LACK OF REMEDIES AFTER RETALIATION

The report also examined avenues for corrective action after the retaliation occurred, focusing on the Board for Correction of Military Records — an internal military panel meant to correct injustices on service members’ records, like reversing a demotion or improper discharge after a service member reported an assault.

A Fusion investigation into the Army’s corrections Board last fall found that the Board almost never granted changes requested in appeals from military sexual assault victims or for whistleblowers in general. Human Rights Watch researchers came to a similar conclusion.

“In practice, record corrections almost never happen for sexual assault victims or for military whistleblowers generally,” reads the report. “Of all military whistleblower complaints, less than 1 percent receive some form of relief from the records boards.”

In fact, the researchers found that “alleged perpetrators of sexual assault sought and received corrections in their records from the Boards far more often than victims.”

An analysis of Board decisions from Human Rights Watch found that perpetrators of sexual assault who applied to the Board for relief outnumbered victims of military rape by almost 4 to 1. And their appeals were granted by the Boards twice as often as those of victims.

REFORMING THE SYSTEM

The report acknowledges that many of the reforms that have been put into place in the last several years to address sexual assault in the military have been effective, for instance, creating Special Victims Counsel programs.
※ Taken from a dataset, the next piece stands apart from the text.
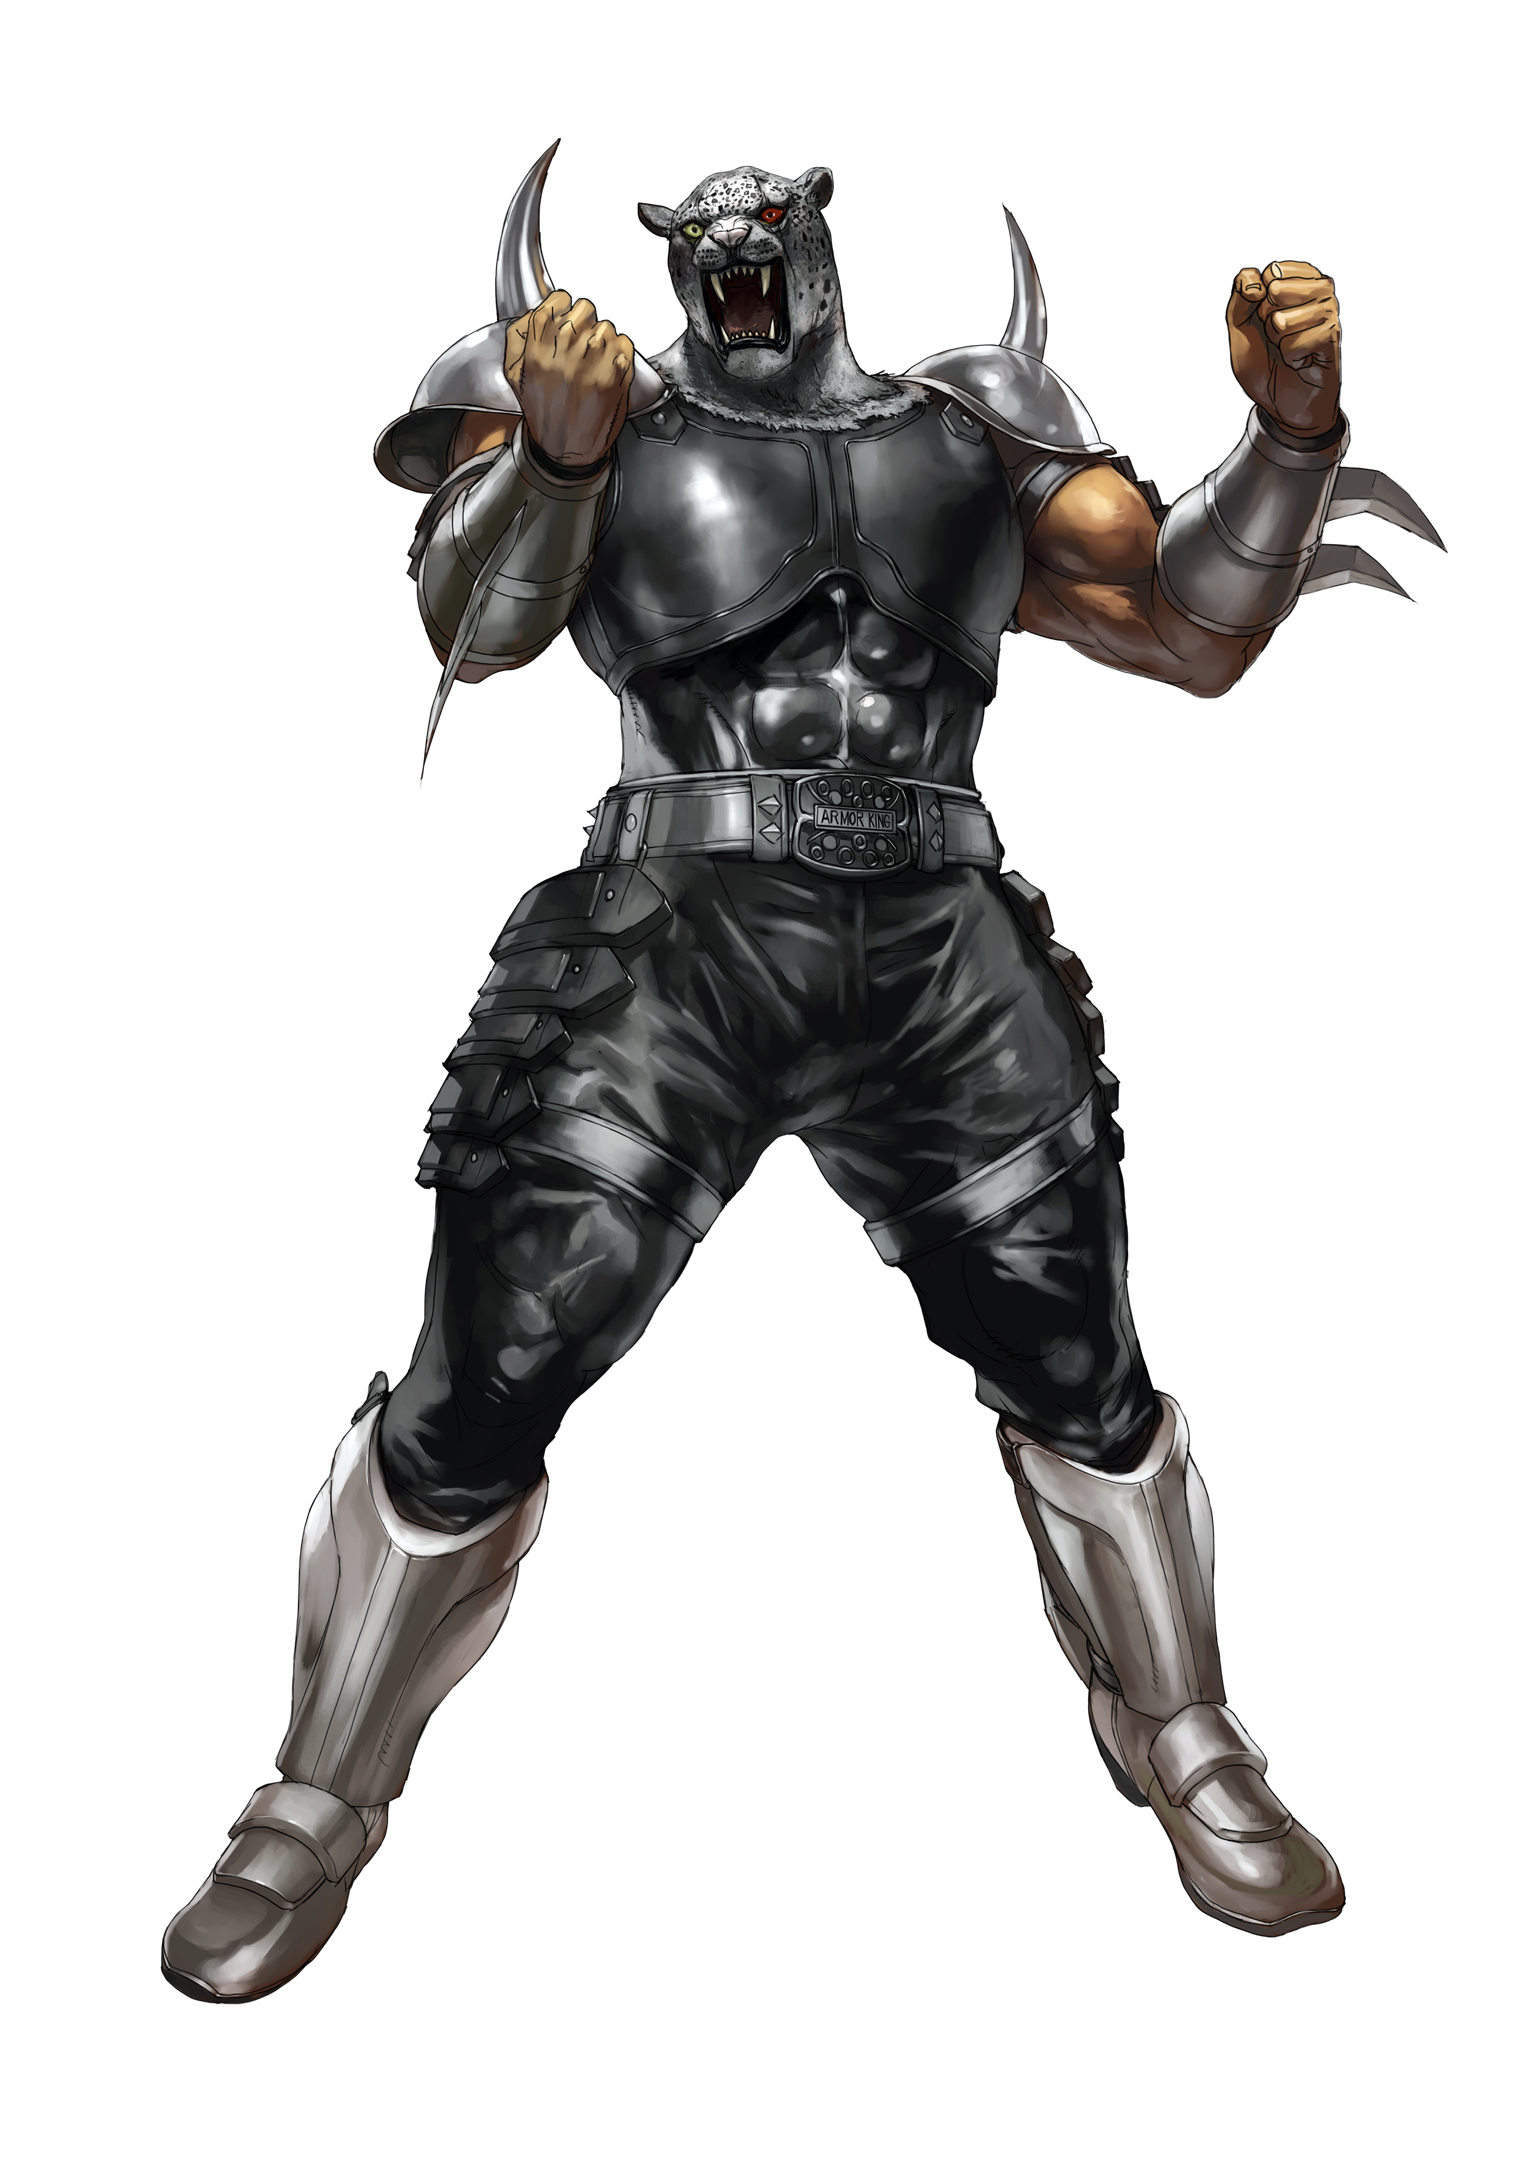 Armor King, Tekken Wiki

But it calls for bigger changes, like prohibiting disciplinary action or criminal charges against victims of sexual assault and strengthening the Military Whistleblower Protections Act, granting military members the same protections as civilians.

A bill introduced two weeks ago by Senators Barbara Boxer (D-CA), Ron Wyden (D-OR), Edward J. Markey (D-MA), and Representative Jackie Speier (D-CA) would amend the Military Whistleblowers Protections Act, requiring the investigating Inspector General to recommend disciplinary actions against retaliators and complicit supervisors among other changes.

The bill also makes sweeping reforms to the Boards for Correction of Military Records, requiring in-person hearings and changing Board membership to full-time positions, rather than volunteer jobs. Fusion’s investigation found that these factors often led the Board to make cursory case reviews.

“Right now, correction board members spend an average of 4 minutes reviewing complex cases,” said Senator Barbara Boxer. “Under my bill, these board members would serve full-time to ensure that every service member’s appeal gets the attention it deserves.”

“Reports tell us that soldiers are discharged for things they never did, diseases they never had, and activities that were actually lawful under the Uniform Code of Military Justice—but because of the broken Board of Corrections for Military Records (BCMR) system, nobody ever sets the record straight. That’s why reforming this system is crucial to protect soldiers who report sexual harassment and expose wrongdoing,” said Representative Jackie Speier.

Human Rights Watch researchers said they reached out to the military’s Sexual Assault Prevention and Response Office and received responses to its findings, which are included in the full report. The organization said it did not receive a response from the Department of Defense Inspector General.